For A. thaliana, the phenotypic values were transformed according to the original report [9]. The genotypic variants were filtered with MAF (> = 0.1, as Atwell et al.[9]), missing rate (< = 0.5), minor allele number (> = 5). Those inside centromere regions were also exempted from the subsequent association tests. We used EMMAX pipeline for association tests. To correct population structure, the kinship matrixes were generated with the EMMAX-BN (Balding-Nichols) method. A modified version of EMMAX was used when analysing INDELs. We excluded an accession if it were genotyped as missing.

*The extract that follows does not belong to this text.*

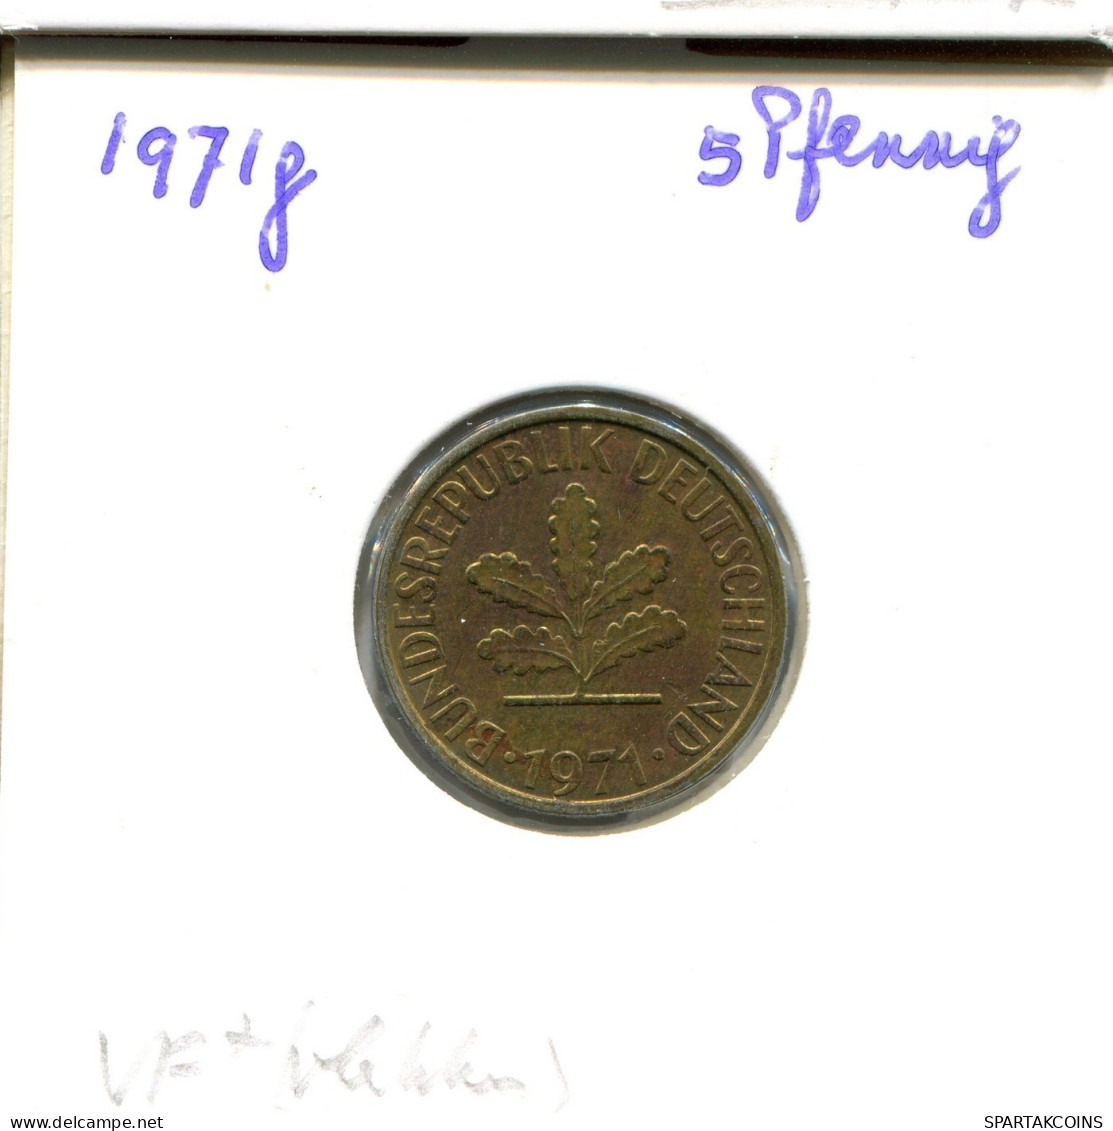 5 PFENNIG 1971 G WEST & UNIFIED GERMANY Coin #DA978.U.A - 5 Pfennig
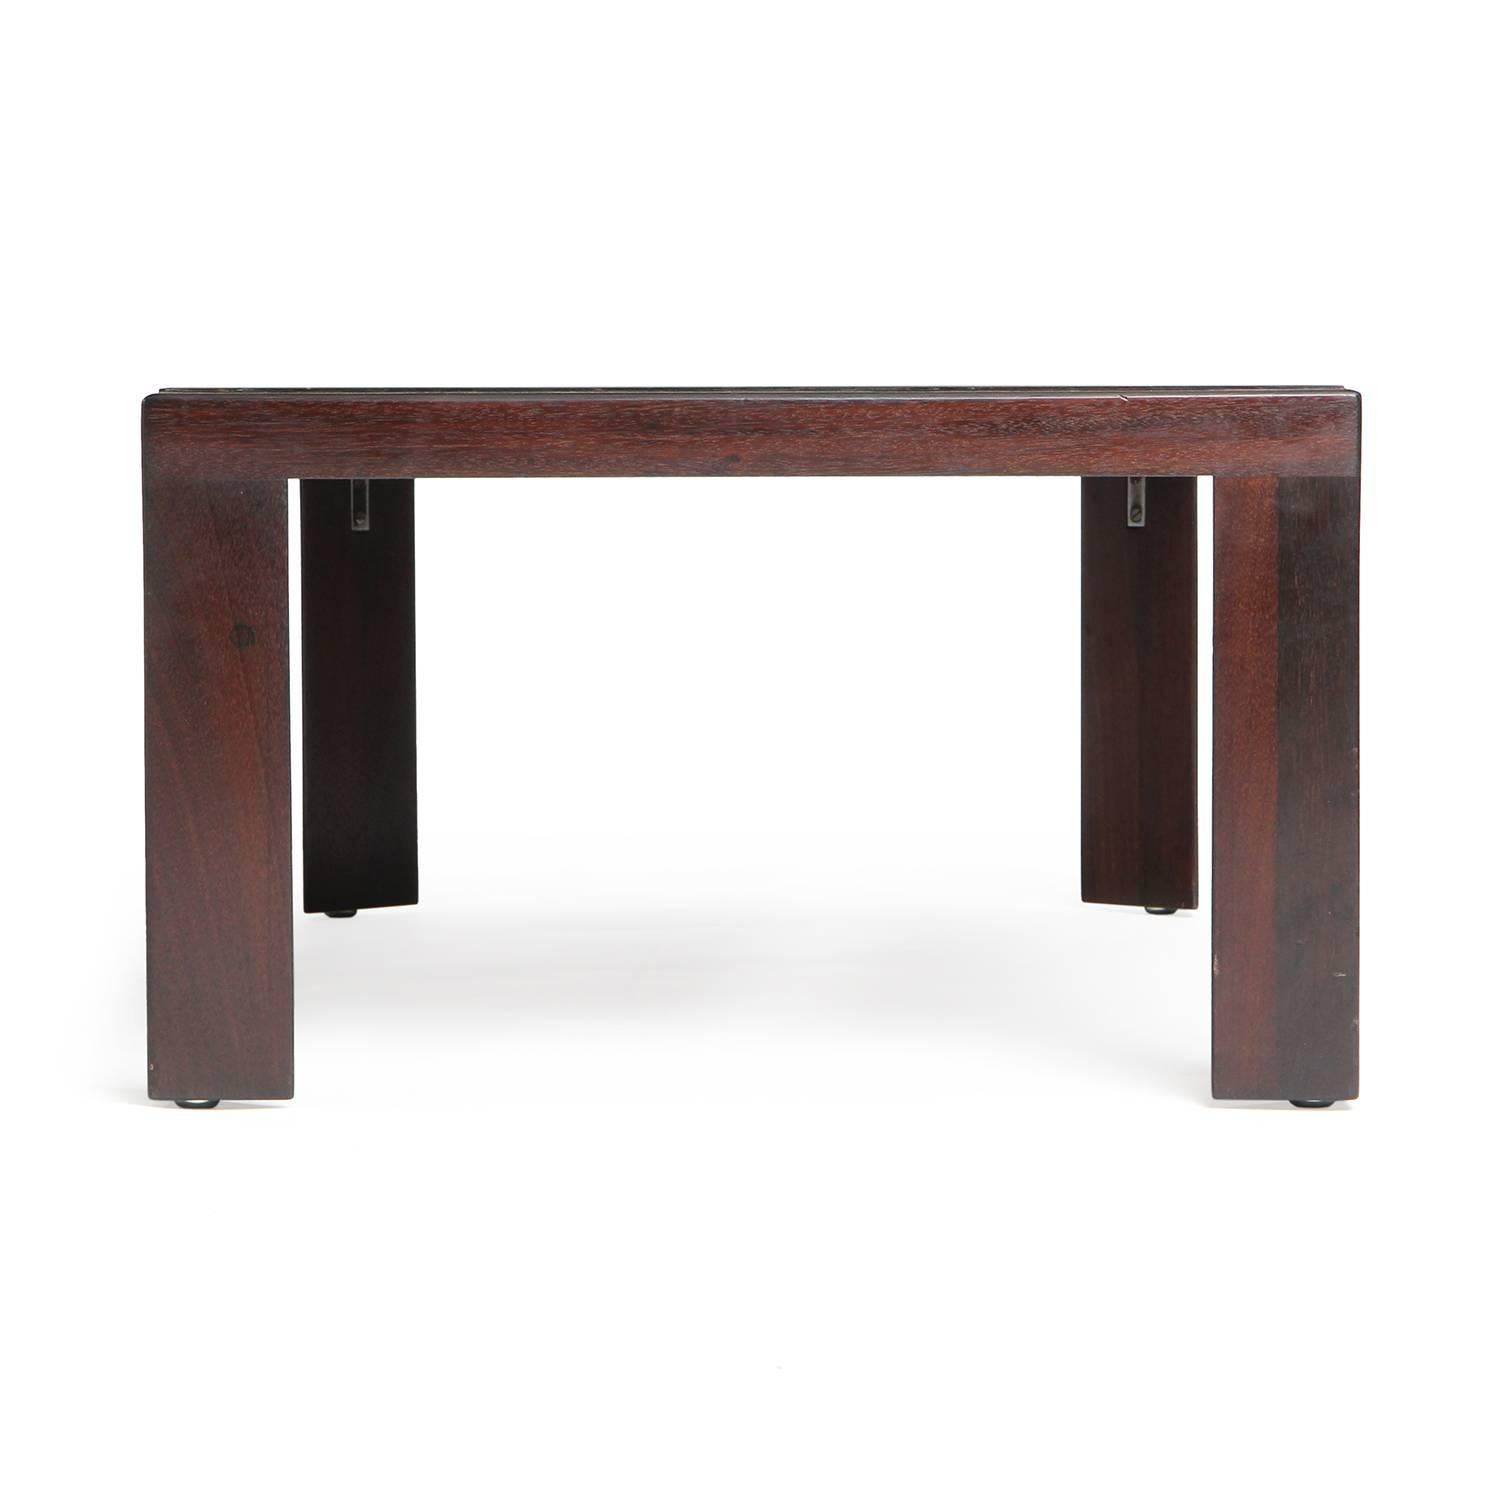 Ein rechteckiger niedriger Tisch aus dunklem Nussbaumholz mit einer schwarzen Laminatplatte und charakteristischen dreieckigen Beinen.

In D. melanogaster, the genotypic variants were filtered with MAF > = 0.05, missing rate < = 0.2 and minor allele number > = 8 before being used for association analysis. To estimate kinship matrix, the SNP dataset was further filtered with LD pattern (–indep-pairwise 1000 500 0.2 in PLINK) and SNPs within 2L:0.4Mb-14.9Mb, 2R:9Mb-18Mb and 3R:6Mb-27Mb were excluded since major inversions. The phenotypes were adjusted for the effects of Wolbachia infection and major inversions (In(2L)t, In(2R)NS, In(3R)P, In(3R)K, and In(3R)Mo) according to the DGRP2 paper [13]. The adjusted values were then transformed with the WarpedLMM [49] package. We trained WarpedLMM (with default settings) using the same SNP datasets used for kinship matrix construction. The transformed phenotype values were fitted into association algorithm FAST-LMM (v 2.0) [50]. The Manhattan and QQ plots were visualized with homemade R [51] scripts.

Proportion of phenotypic variance explained by significant genotypic variants

To assess how much of the phenotypic variance can be explained by detected genome-wide significant loci, we estimated the effect size of those variants with regression analysis.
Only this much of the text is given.